# Overview
Often individual tasks and one-off analysis require assessing subsets of larger data sets. Selecting specific columns from larger datasets will increase performance, reduce costs, and makes working with the data easier due to lower dimensions.

We will start by reading a csv file stored in the dbfs.

In [0]:
csv_file_path = '/FileStore/tables/bankcard_data.csv'

sdf = spark.read.csv(csv_file_path, 
                     header = True,         # first row is headers  
                     inferSchema = 'true')  # infers schema of fields; otherwise is string as default?  

display(sdf)

checking_status,duration,credit_history,purpose,credit_amount,savings_status,employment,installment_commitment,personal_status,other_parties,residence_since,property_magnitude,age,other_payment_plans,housing,existing_credits,job,num_dependents,own_telephone,foreign_worker,class
<0,6,critical/other existing credit,radio/tv,1169,no known savings,>=7,4,male single,none,4,real estate,67,none,own,2,skilled,1,yes,yes,good
0<=X<200,48,existing paid,radio/tv,5951,<100,1<=X<4,2,female div/dep/mar,none,2,real estate,22,none,own,1,skilled,1,none,yes,bad
no checking,12,critical/other existing credit,education,2096,<100,4<=X<7,2,male single,none,3,real estate,49,none,own,1,unskilled resident,2,none,yes,good
<0,42,existing paid,furniture/equipment,7882,<100,4<=X<7,2,male single,guarantor,4,life insurance,45,none,for free,1,skilled,2,none,yes,good
<0,24,delayed previously,new car,4870,<100,1<=X<4,3,male single,none,4,no known property,53,none,for free,2,skilled,2,none,yes,bad
no checking,36,existing paid,education,9055,no known savings,1<=X<4,2,male single,none,4,no known property,35,none,for free,1,unskilled resident,2,yes,yes,good
no checking,24,existing paid,furniture/equipment,2835,500<=X<1000,>=7,3,male single,none,4,life insurance,53,none,own,1,skilled,1,none,yes,good
0<=X<200,36,existing paid,used car,6948,<100,1<=X<4,2,male single,none,2,car,35,none,rent,1,high qualif/self emp/mgmt,1,yes,yes,good
no checking,12,existing paid,radio/tv,3059,>=1000,4<=X<7,2,male div/sep,none,4,real estate,61,none,own,1,unskilled resident,1,none,yes,good
0<=X<200,30,critical/other existing credit,new car,5234,<100,unemployed,4,male mar/wid,none,2,car,28,none,own,2,high qualif/self emp/mgmt,1,none,yes,bad


# Selecting Columns

The most common method uses PySpark's .select() function. Columns can be select by explicity stating them and implicitly referencing with a list.

In [0]:
# explicity referencing columns 
sdf_pyspark_select = sdf.select('purpose', 'credit_history', 'class')
print(sdf_pyspark_select.columns)

# implicitly referencing columns via list
columns = ['purpose', 'credit_history', 'class']
sdf_pyspark_select = sdf.select(*columns)
print(sdf_pyspark_select.columns)

['purpose', 'credit_history', 'class']
['purpose', 'credit_history', 'class']


Alternatively, you can explicitly reference the columns with PySpark's SQL function libararies .col() function. This function converts the column's string name into a Columnn type.

In [0]:
from pyspark.sql.functions import col
sdf_col_select = sdf.select(col('purpose'), col('credit_history'), col('class'))
print(sdf_col_select.columns)                                     
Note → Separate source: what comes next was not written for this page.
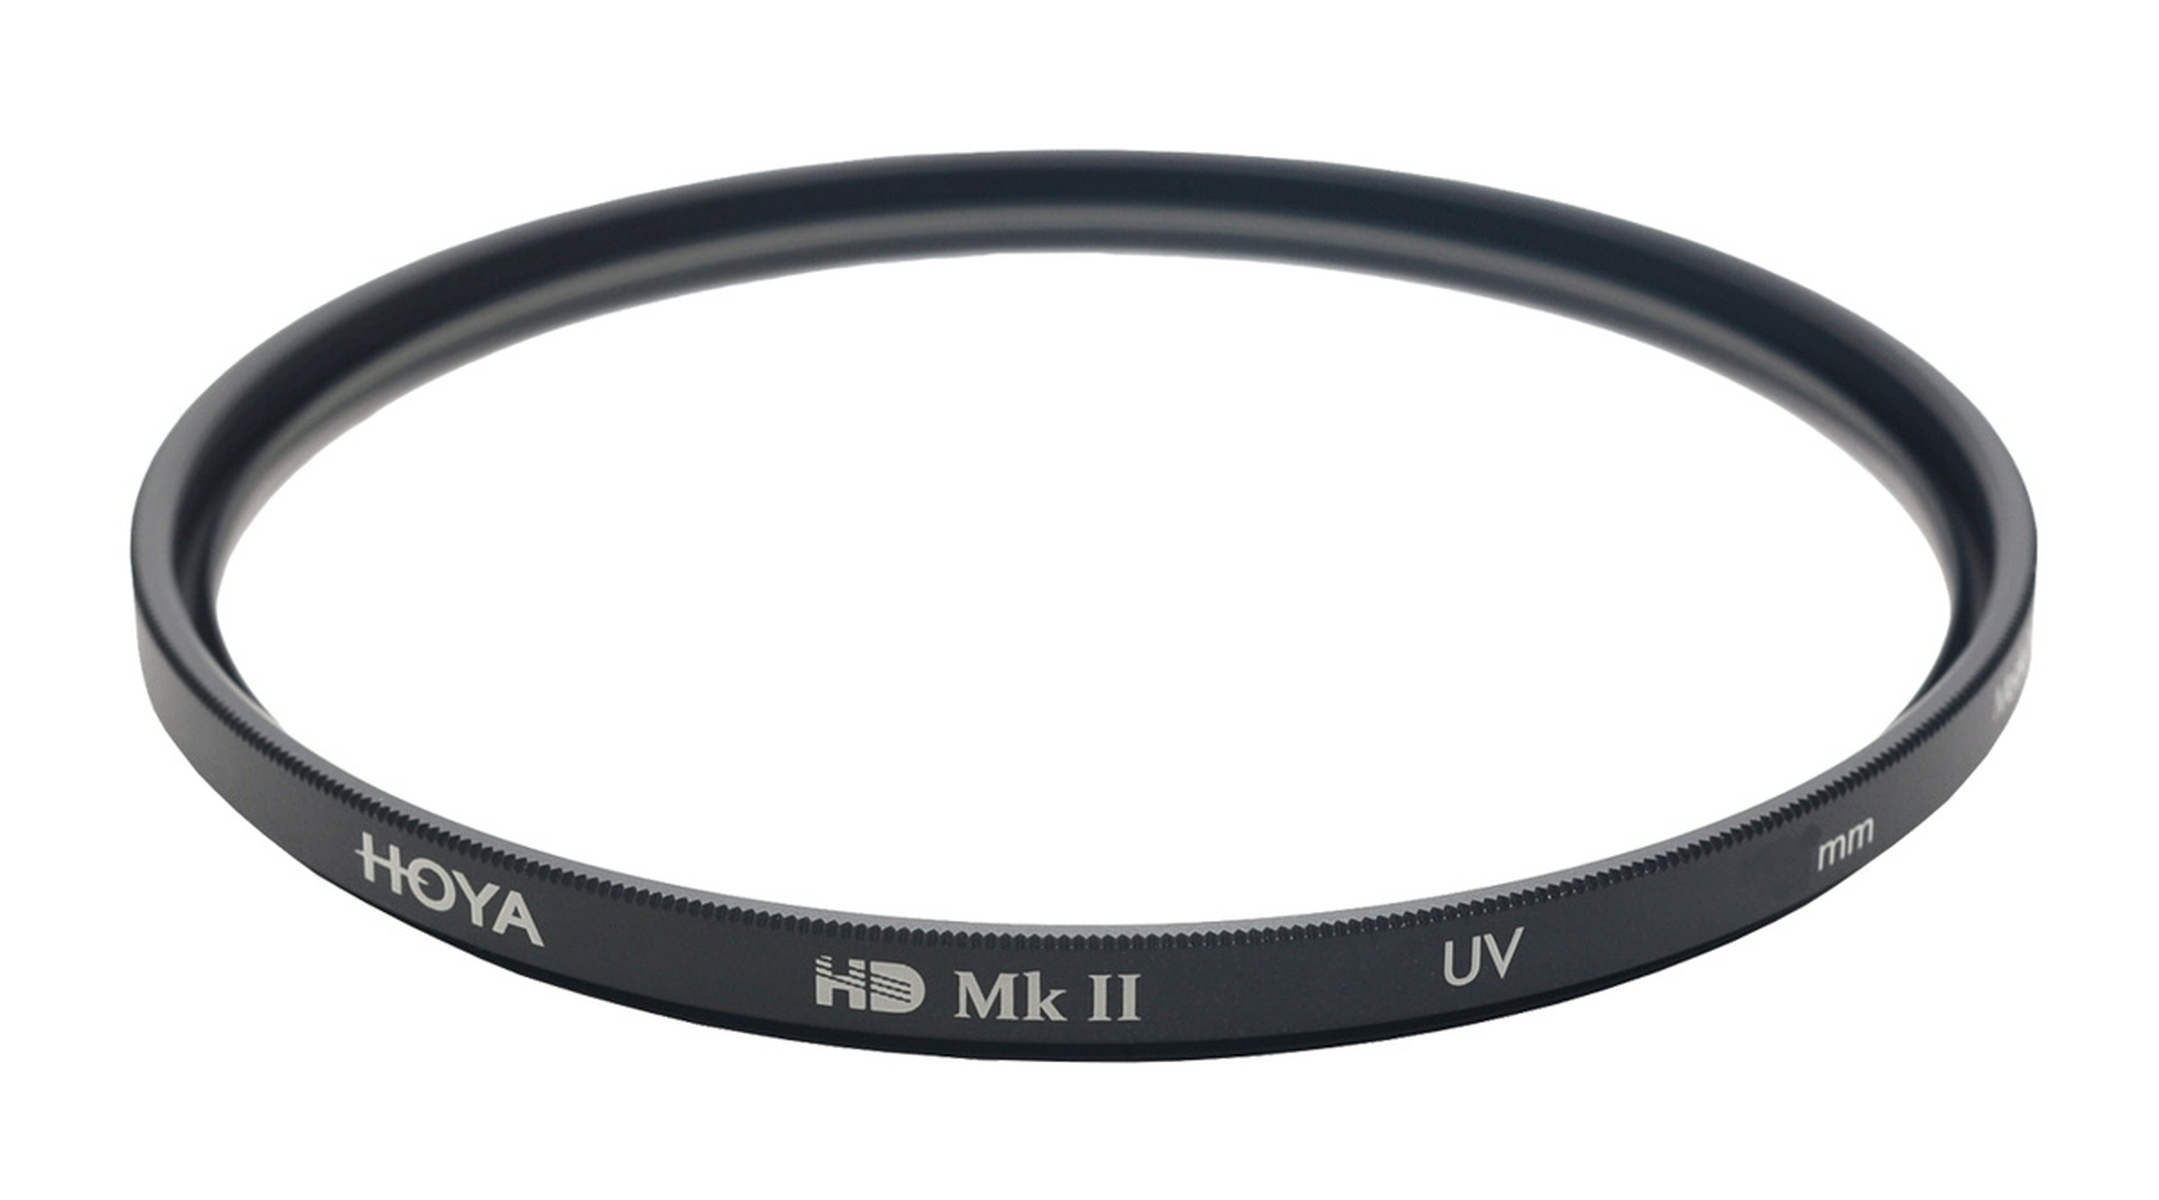 Filter HD UV MkII UV HOYA 62 62mm Filter mm
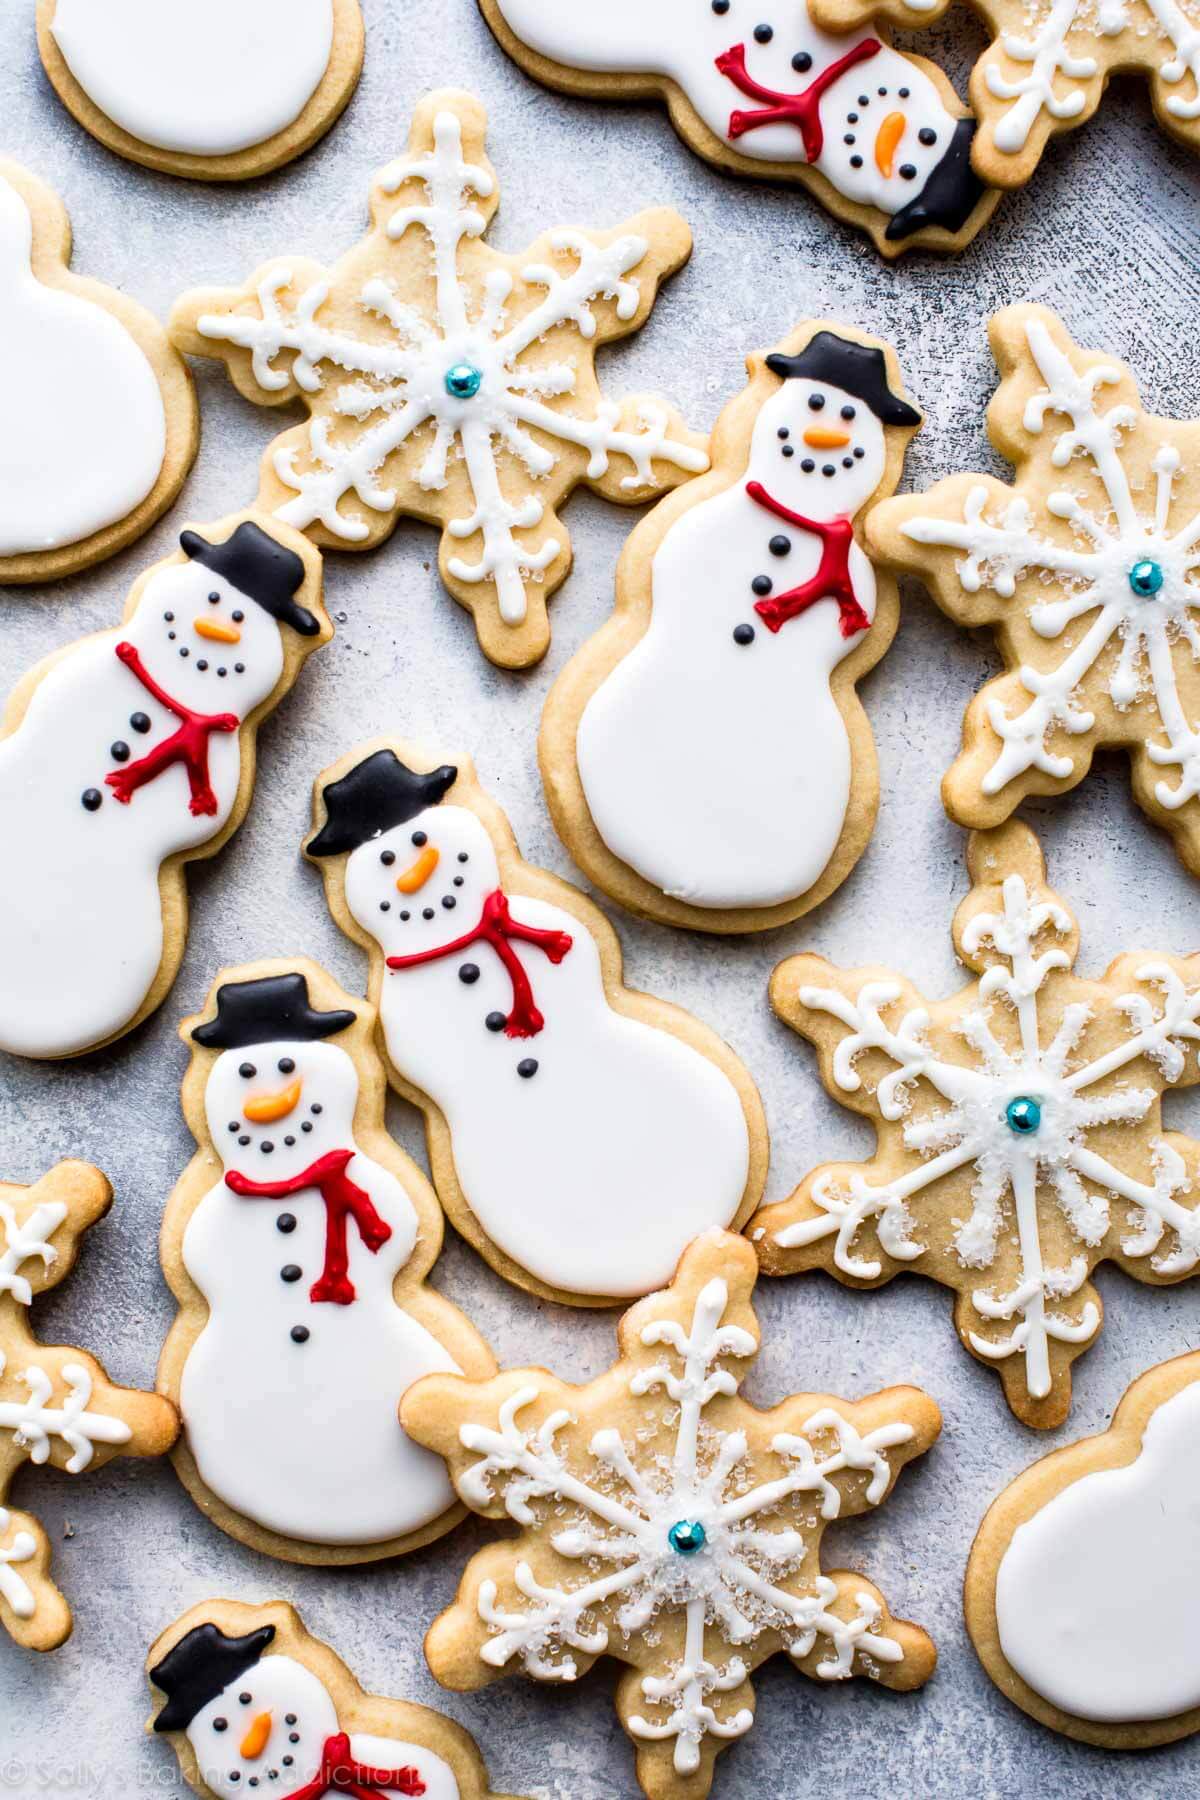 Apprenez à faire d'adorables biscuits au sucre bonhomme de neige et flocons de neige avec du glaçage royal! Recette de biscuits de Noël sur sallysbakingaddiction.com

['purpose', 'credit_history', 'class']
['purpose', 'credit_history', 'class']


The .selectExpr() can be used to select columns similarly to the .select() function but offers additional functionality we will get into in later notebooks.

In [0]:
sdf_selectExpr_select = sdf.selectExpr('purpose', 'credit_history', 'class')
print(sdf_selectExpr_select.columns)   

['purpose', 'credit_history', 'class']